Papillomavirus e cancro: due facce della stessa medaglia

Papillomavirus e cancro, Papillomavirus e cancro: due facce della stessa medaglia

Può un virus scatenare una serie di meccanismi molecolare in grado di causare una proliferazione  incontrollata delle cellule e una loro immortalizzazione, e quindi un cancro? La risposta, purtroppo è SI! Il Papillomavirus, oltre a causare infezioni benigne cutanee e della mucosa è in grado anche  di causare il cancro della cervice uterina.

I dati raccolti nel 2015 dal “Centro Nazionale per la Prevenzione delle Malattie e la Promozione della Salute dell’Istituto Superiore di Sanità” affermano  che circa l’80% delle donne italiane in età fertile può risultare positiva al test HPV e oltre il 50% può risultare positiva ad un genotipo HPV ad alto rischio oncogeno capace di generare il cancro cervicale. Ma osserviamo nel dettaglio questo virus, cercando di capire come e quando diagnosticarlo e come prevenire una sua infezione.

PAPILLOMA-VIRUS: COS’E’, ASPETTI CLINICI E COME DIAGNOSTICARLO

Il Papillomavirus è un virus appartenente alla famiglia dei Papillomaviridae ed è caratterizzato da un DNA circolare a doppia elica, un capside icosaedrico sprovvisto di involucro e possiede  uno specifico tropismo per gli epiteli cutaneo e mucoso. La sua replicazione, infatti, è ristretta a questo tipo di cellule ed è condizionata dallo stadio di differenziamento cellulare.

Fino ad ora sono stati identificati circa 200 differenti tipi di papillomavirus umani (HPV): alcuni di questi causano  esclusivamente  lesioni benigne e per questo vengono chiamati “genotipi a basso rischio oncogeno”, mentre altri causano il carcinoma invasivo e per questo vengono chiamati “genotipi ad alto rischio oncogeno”.

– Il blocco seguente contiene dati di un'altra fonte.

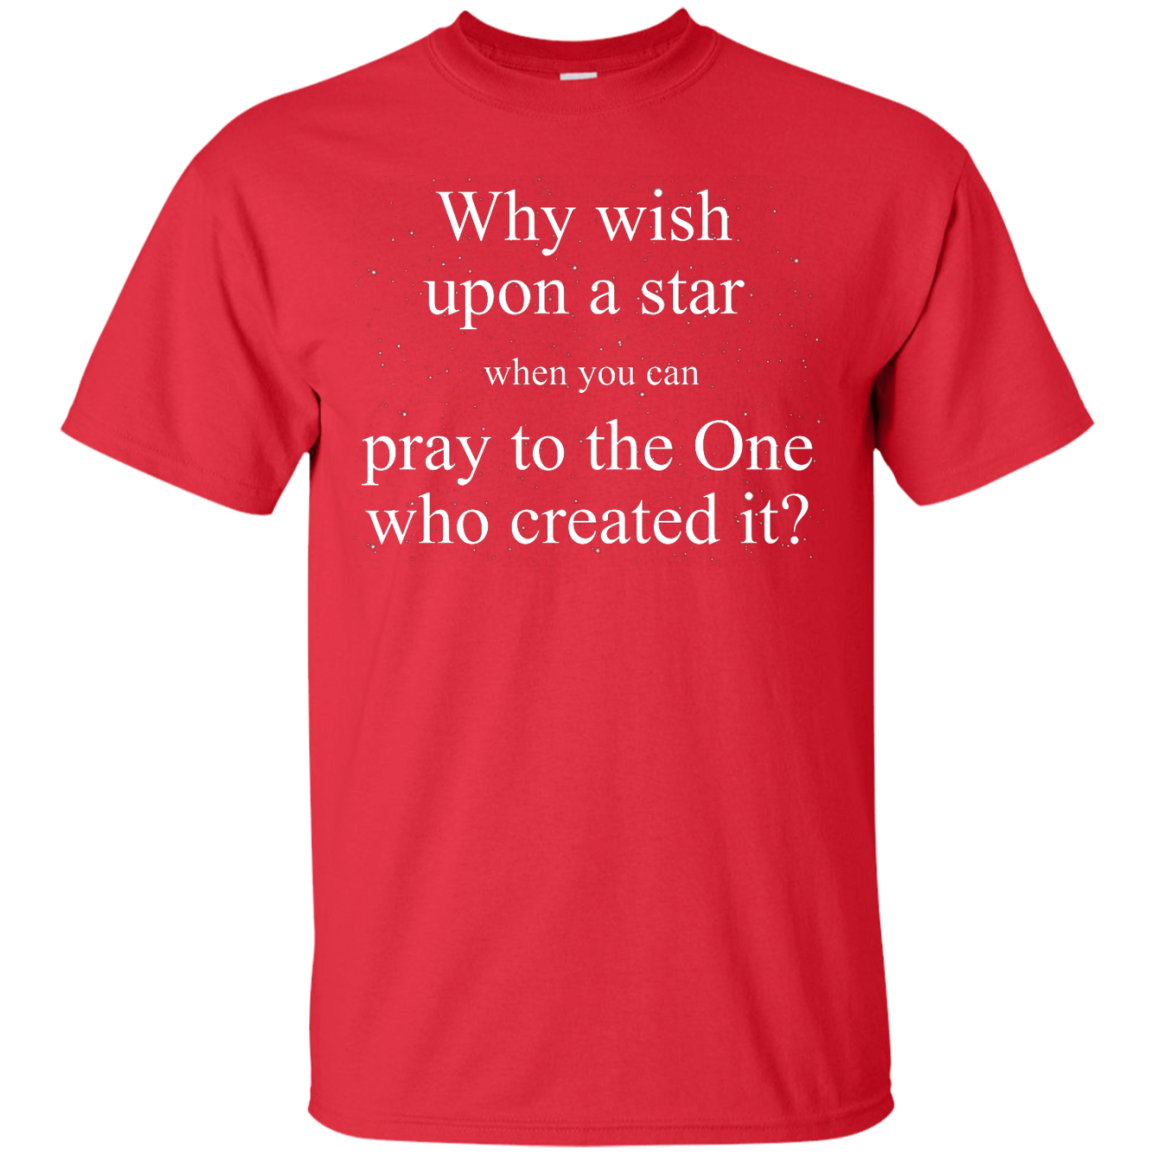 Why wish upon the star when you can pray to the one who created it shirt

Il meccanismo di infezione dipende proprio dal genotipo, infatti i genotipi ad alto rischio oncogeno, sono capaci di integrare il loro DNA all’interno del DNA dell’organismo ospite, senza produzione di una progenie virale completa. Tale integrazione determina il blocco del ciclo cellulare del virus e scatena una serie di meccanismi molecolari a cascata che causano la trasformazione maligna e l’immortalizzazione delle cellule dell’ospite stesso.

Tra i vari genotipi ad alto rischio oncogeno, i più virulenti sono i genotipi HPV16 e HPV18 e attraverso elevate tecniche di sequenziamento è stato possibile osservare loro genoma con le rispettive varianti in grado di causare il carcinoma cervicale. Nel dettaglio, nel genoma di HPV16 sono stati riscontrati numerosi SNP capaci di causare una sostituzione amminoacidica nella proteina tradotta. In particolare T350G è un SNP localizzato nella proteina E6 in grado di causare una sostituzione amminoacidica al residuo 83 ottenendo la sostituzione dalla leucina alla valina. Uno studio pubblicato nel 2015 condotto su popolazioni del Nord-Africa, Asia, America e Europa, ha dimostrato che questo specifico SNP in E6 di HPV16 è strettamente associato ad un aumento del rischio di cancro cervicale.

Anche nel genoma di HPV18 sono stati riscontrati numerosi SNP in grado di causare sostituzioni amminoacidiche nelle proteine E1, E2 ed E5. Uno studio pubblicato nel 2018 condotto sulla popolazione olandese, asiatica, africana ed europea ha dimostrato che i vari tipi di SNP riscontrati nel genoma di HPV18 sono coinvolti nella progressione della neoplasia intraepiteliale cervicale (CIN) e nel carcinoma cervicale. Tuttavia, esiste ancora qualche dubbio sulla specifica sostituzione amminoacidica.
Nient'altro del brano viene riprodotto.